Participation in employee insurance schemes is essentially mandatory for employees, with the possible exception of a director-cum-controlling shareholder depending on whether a relationship of authority can or cannot be said to be entertained between the director and the company for which he or she works.
According to the Arnhem-Leeuwarden Court of Appeal, the conditions for being granted mandatory insurance waiver had not been satisfied in the following scenario. A private limited-liability holding company had issued depositary receipts for shares to the members of a single family: 50% to the mother and 16.66% each to her three children. The holding company’s executive board was made up of three directors: the mother, one of her children and a non-family member. Each director had the right to cast a single vote. The holding company was the holder of the full complement of shares in an intermediate holding entity which in turn was the executive director of the operating company. The mother was the sole executive director of the intermediate holding entity and to all intents and purposes worked for the operating company.
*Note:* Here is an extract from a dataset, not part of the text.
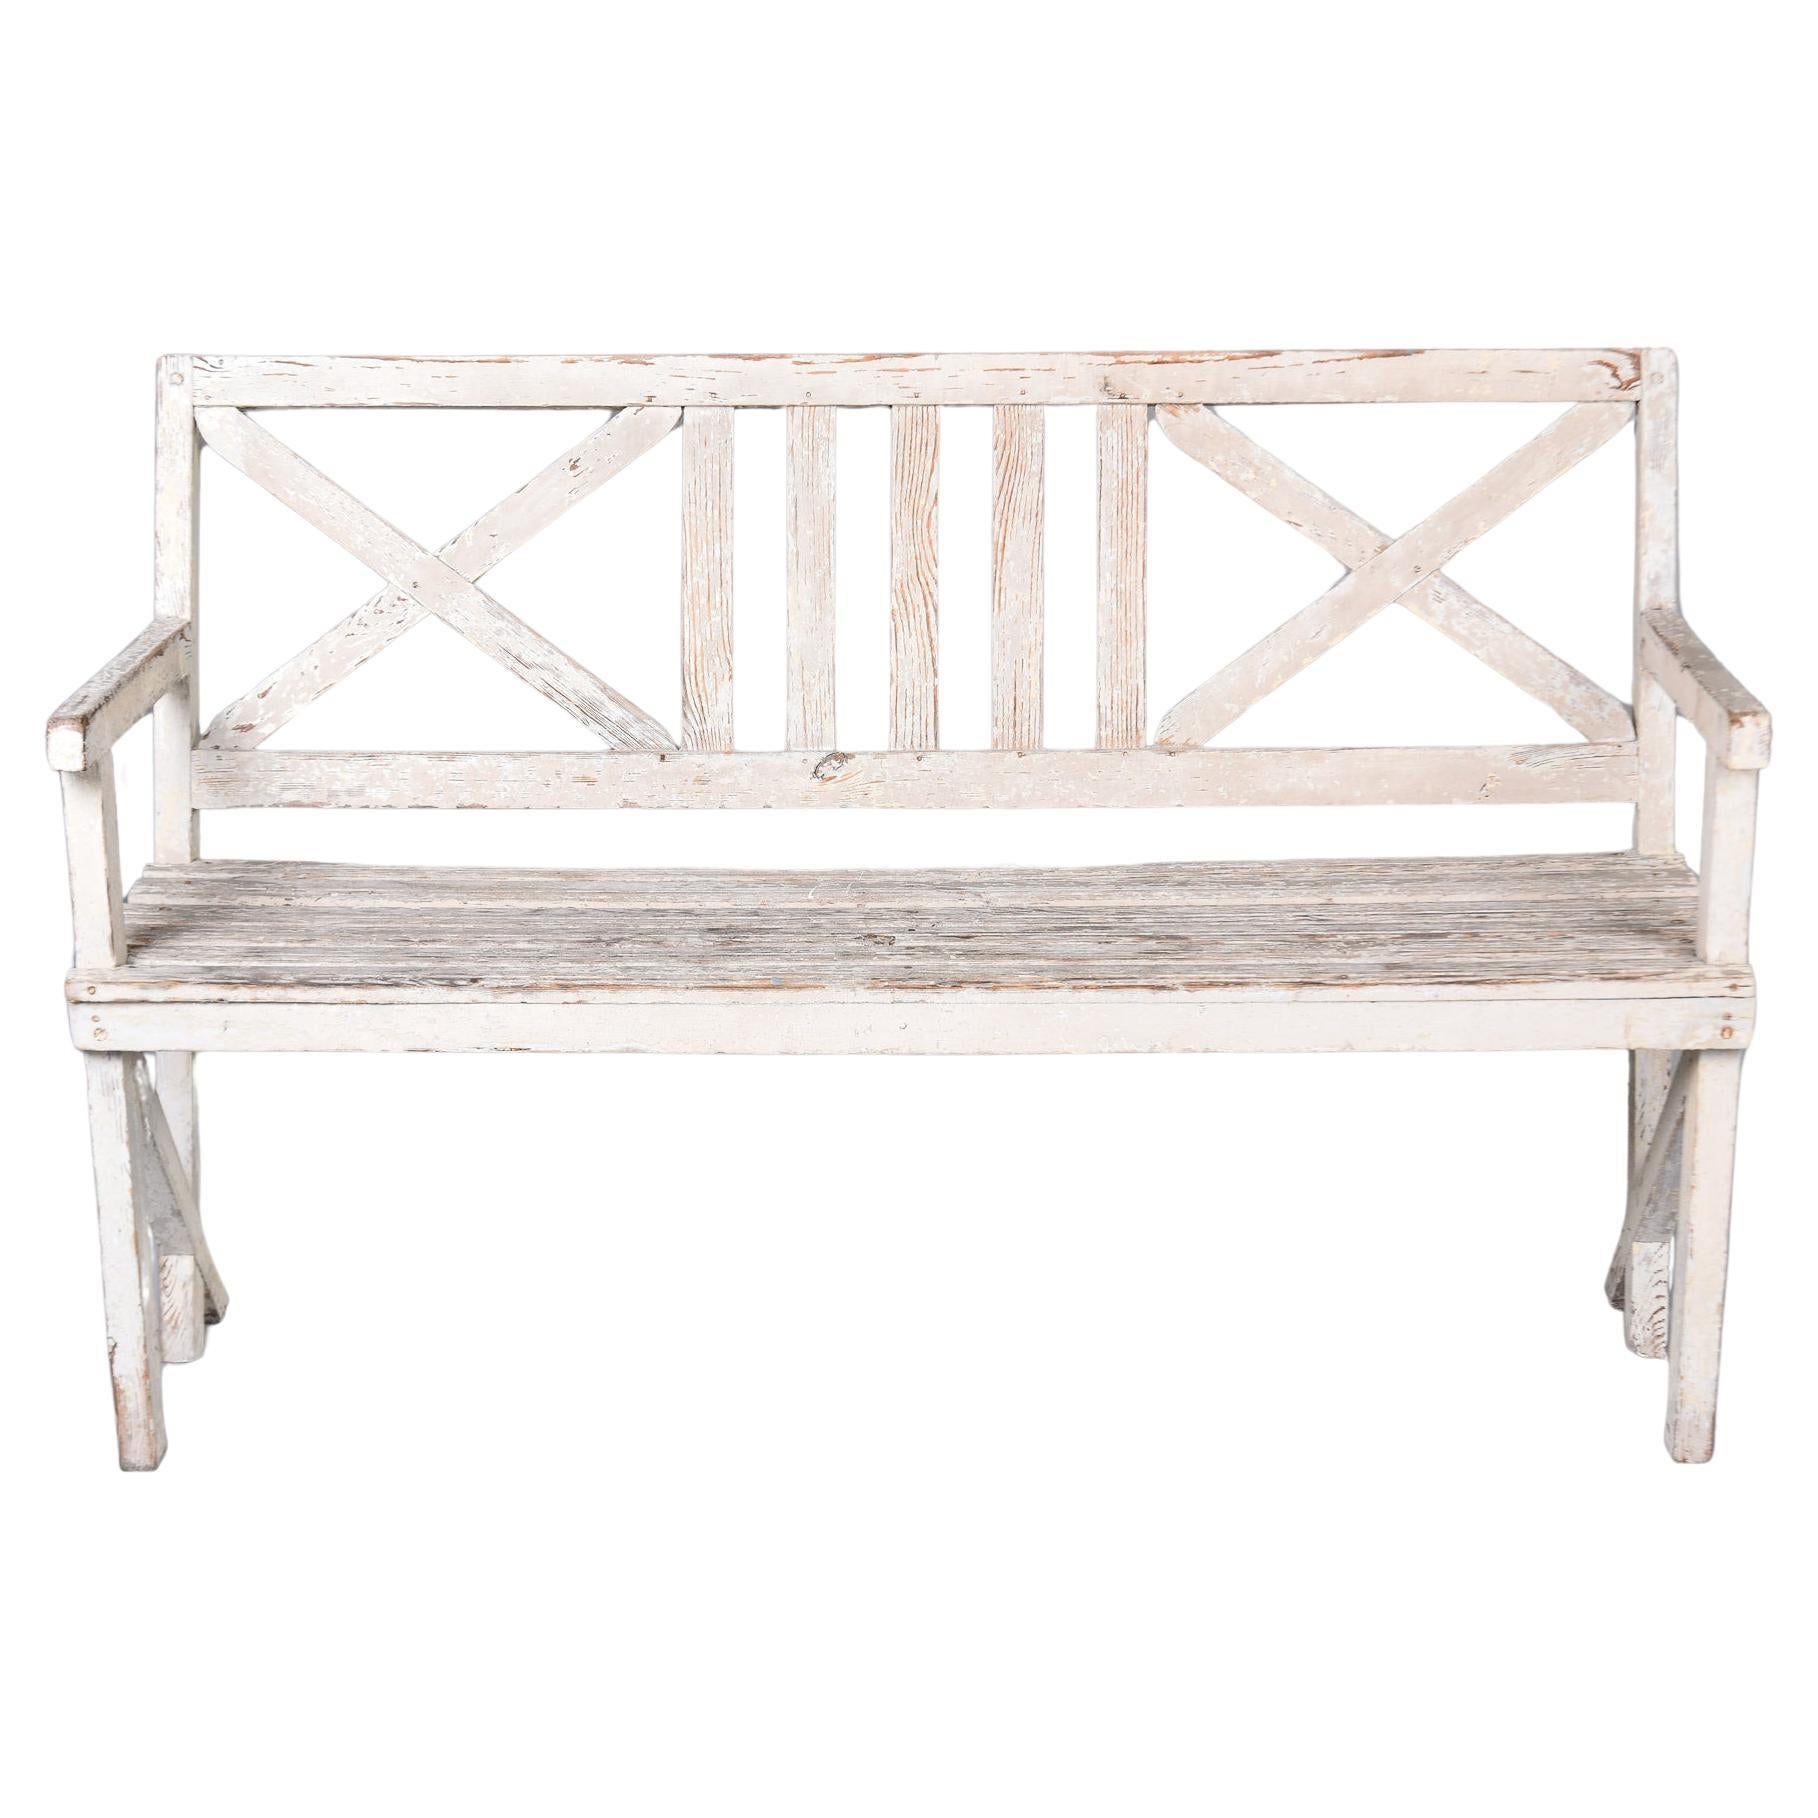 Antique English Painted Wood Bench with Cross Accented Back For Sale

The Court ruled that the working relationship between the mother and the subsidiary company satisfied the employment criteria, one of these being that a relationship of authority should be in evidence. It is irrelevant to the assessment as to whether a relationship of authority can be deemed to be entertained between a natural person of the one part and a legal entity of the other by whom the legal entity’s corporate body in charge of issuing instructions to the natural person is made up. The existence of a relationship of authority is required to be vetted formally rather than substantively.
The Court of Appeal was satisfied that the mother was under the obligation to adhere to the instructions issued by the subsidiary company’s executive board. It dismissed as irrelevant that the mother in her multiple capacity of holding company board member, intermediate holding entity director and mater familias was in a position to exert influence on the instructions with which she was to be issued, and concluded that a relationship of authority was indeed being entertained. As the other employment criteria – these being the employee’s obligation personally to carry out the various duties and his or her collection of a wage in consideration of his or her efforts – had not been involved in the dispute, the Court of Appeal ended up qualifying the working relationship as an employment relationship entailing mandatory participation in employee insurance schemes.